1.大学教育の質的転換を図るための改革行動について認識を深めることができた

(達成度100%)

2.アクティブ・ラーニングや教学マネジメントについての取組みや方向性を把握することができた

(達成度97%)

3.ICTを活用するにあたって向き合わなければならない人的・組織的課題を認識することができた

(達成度81%)

第二分科会

「教学マネジメント」

<情報提供>

「シラバスの相互点検による学士力の明示に基づく修学指導の取組み」

河合 儀昌 氏 (金沢工業大学 情報処理サービスセンター所長)

 金沢工業大学では、学生自らが積極的に学修できるような「学生中心型の教育」への展開のため、シラバスによる教育内容の確認を通して、教育の質改善を目指す組織的な取り組みが行われている。具体的には、シラバスの相互点検や教員の自己点検評価による授業改善を、ICTを活用したWEBシステムを使って行い、また、教育の質を維持するために、学生一人ひとりに向き合う修学指導体制を構築している。個々人の各年次のGPAや累積修得単位、出席管理データなど、各種IRデータを活用し、学年ごとにポイント押さえた修学指導を全学的な教職協働のもとで行っている旨、紹介された。

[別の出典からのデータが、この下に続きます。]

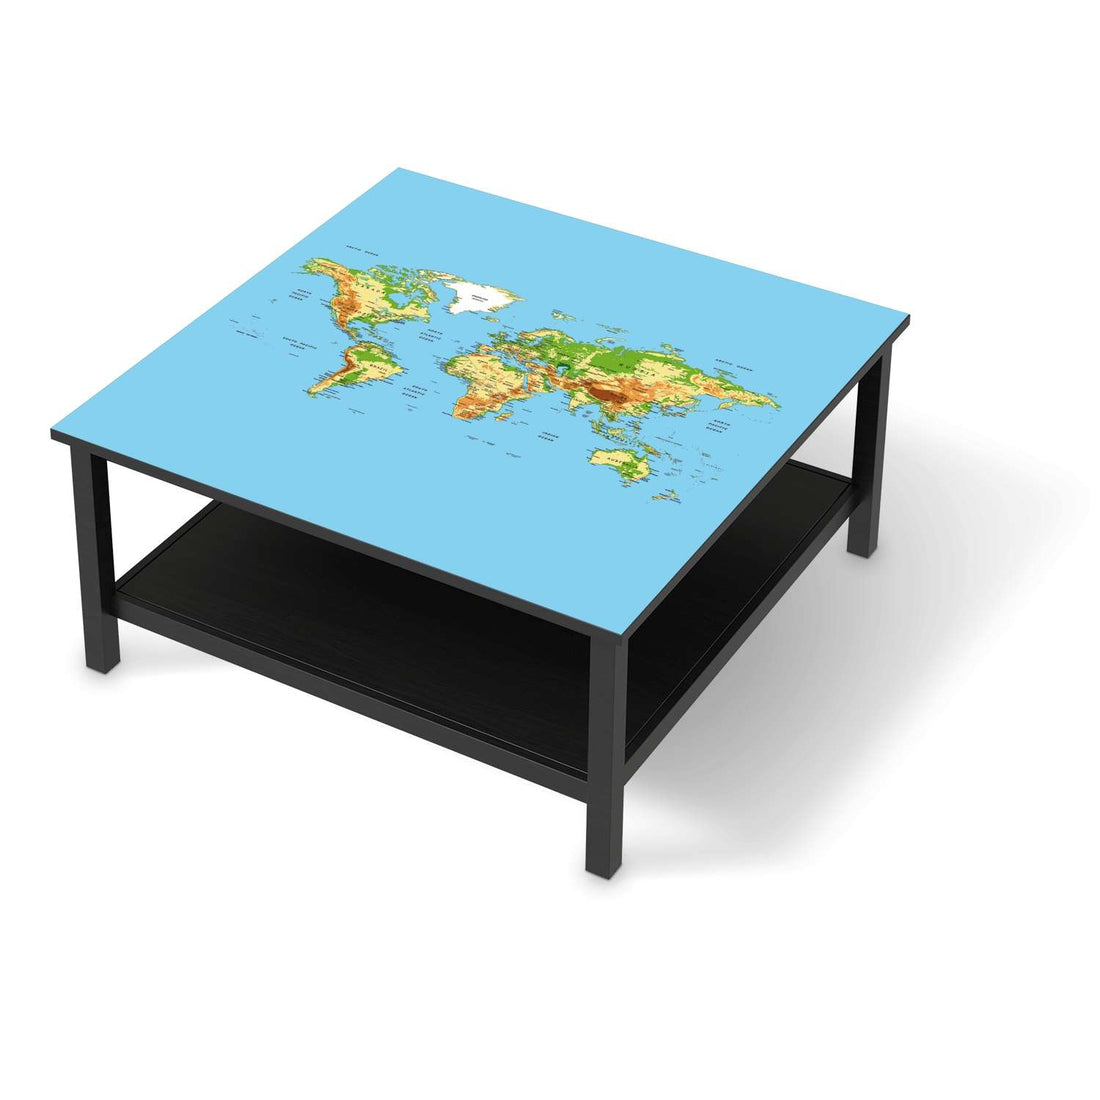 Klebefolie für Möbel Geografische Weltkarte - IKEA Hemnes Couchtisch 90x90 cm - schwarz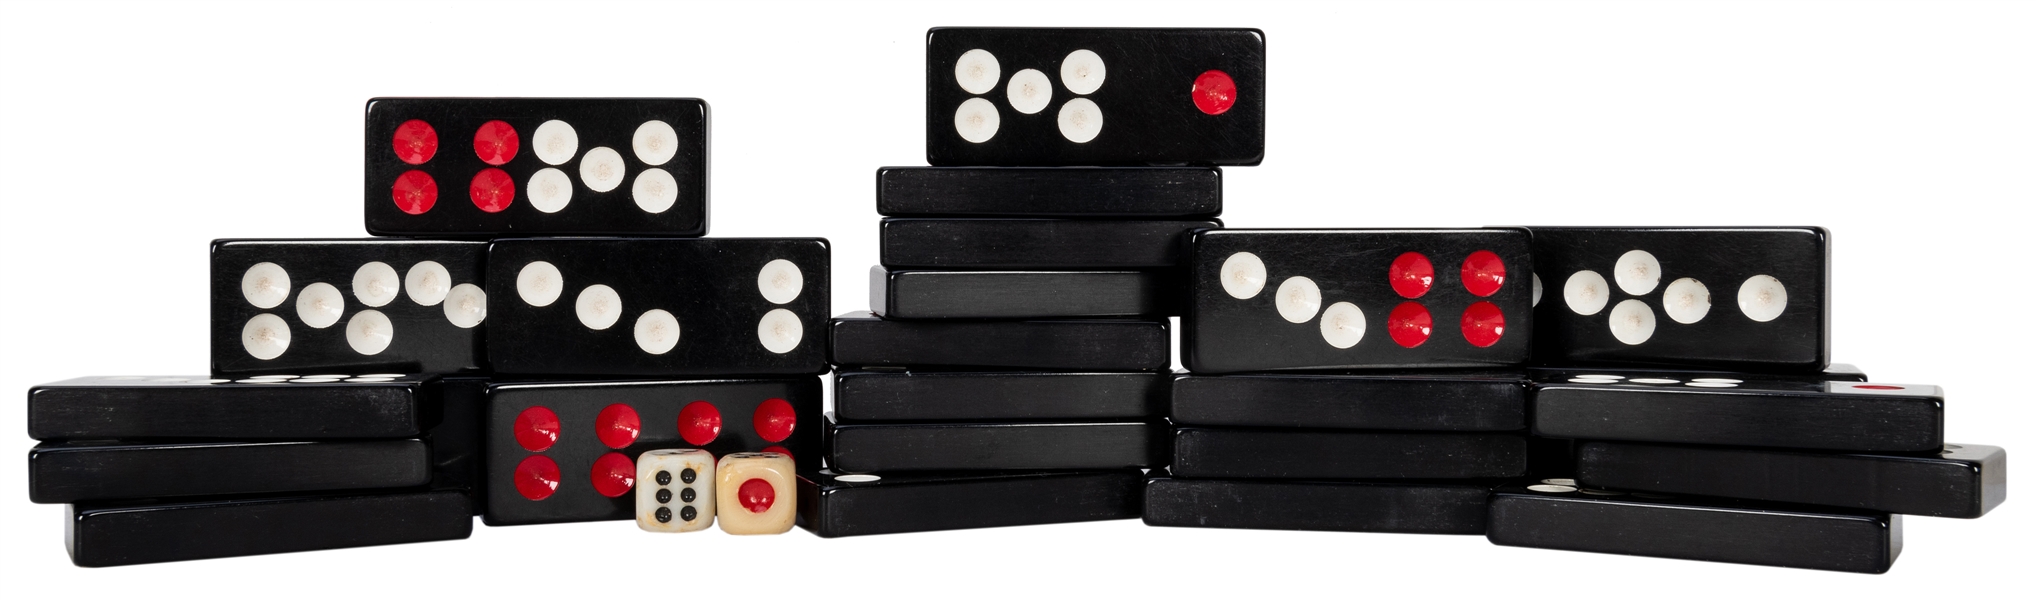  Pai Gow Chinese Domino Set.

「教育の質的転換を実現するための教学マネジメント体制確立への試み」

梅澤 修 氏 (横浜国立大学 大学教育総合センター長)

 横浜国立大学では、YNUイニシアティブを策定し中期目標・中期計画を示すことにより教育の質保証に向けた教育方針の明確化を図り、また、カリキュラムマップ、授業別ルーブリック、科目ナンバリングといった取り組みを通して、教育課程の体系化、厳格な成績管理化、学修成果可視化を進めている事例の紹介があった。今後の課題としては、ディプロマポリシーがわかるような形に変えていくために、教員中心の授業科目編成から学位プログラム中心の授業科目編成への転換が必要である。これらの教育改革を推進していくには、教員個人と教員組織における教育内容そのものへのマネジメント意識の共有と教職員組織内における授業科目の相互改善に向けて、全ての教職員が参画する全学的な教学マネジメント体制を整備することが重要であり、かつ、教学IRによる分析・提案が必要である旨、これまでの経験を通して具体的な説明がされた。

<講習会終了時における獲得目標の達成度>

1.大学教育の質的転換を図るための改革行動について認識を深めることができた

(達成度100%)

2.アクティブ・ラーニングや教学マネジメントについての取組みや方向性を把握することができた

(達成度93%)

3.ICTを活用するにあたって向き合わなければならない人的・組織的課題を認識することができた

(達成度89%)

―施設見学―

 昼の休憩時間に設定した雄飛館ラーニングコモンズ見学には全員が参加し、分科会終了後にオプションで実施した神山天文台見学には20名の参加があった。参加者からは、Webなどで施設の紹介はなされているが実際に見学することで理解が深まったなどの意見があった。

―総括―

「教育の質的転換とICT活用の戦略」

井端 正臣 氏 (私立大学情報教育協会事務局長)

 本協会事務局長より、教員による一方的授業から学生の主体性を引出し、伸ばす能動的学修に転換していくことの重要性、ICTを活用した教育改善の視点を明示し、全学的に展開していくために教学マネジメントにICTを戦略的に活用していく方向性として、入学から卒業までの情報を学内サイトに掲示し危機意識の共有化、学内サイトによるカリキュラムマップ、カリキュラムツリーの可視化、eシラバスによる教員相互の点検、ICTを活用した学修行動の把握、学修ポートフォリオと学修到達度を組み合わせた教学IRシステムによる教育プログラムの点検・分析による内部質保証の改善、学内サイトで学生と教職員間で意見交流する教学マネジメント体制について本協会の調査結果をもとに紹介された。

―おわりに―

 教育の質的転換を図るための改革行動には様々な角度から取組むことが求められ、特に今回のテーマである「アクティブ・ラーニング」及び「教学マネジメント」については、学修環境の構築や学修成果の可視化等、教職協働によるICTの活用が必須である。参加者には今回紹介をした取組みについて、自大学へのこれからの取組みに、是非役立てて頂きたい。また、取り組みの結果について、その成果や効果を紹介願いたい。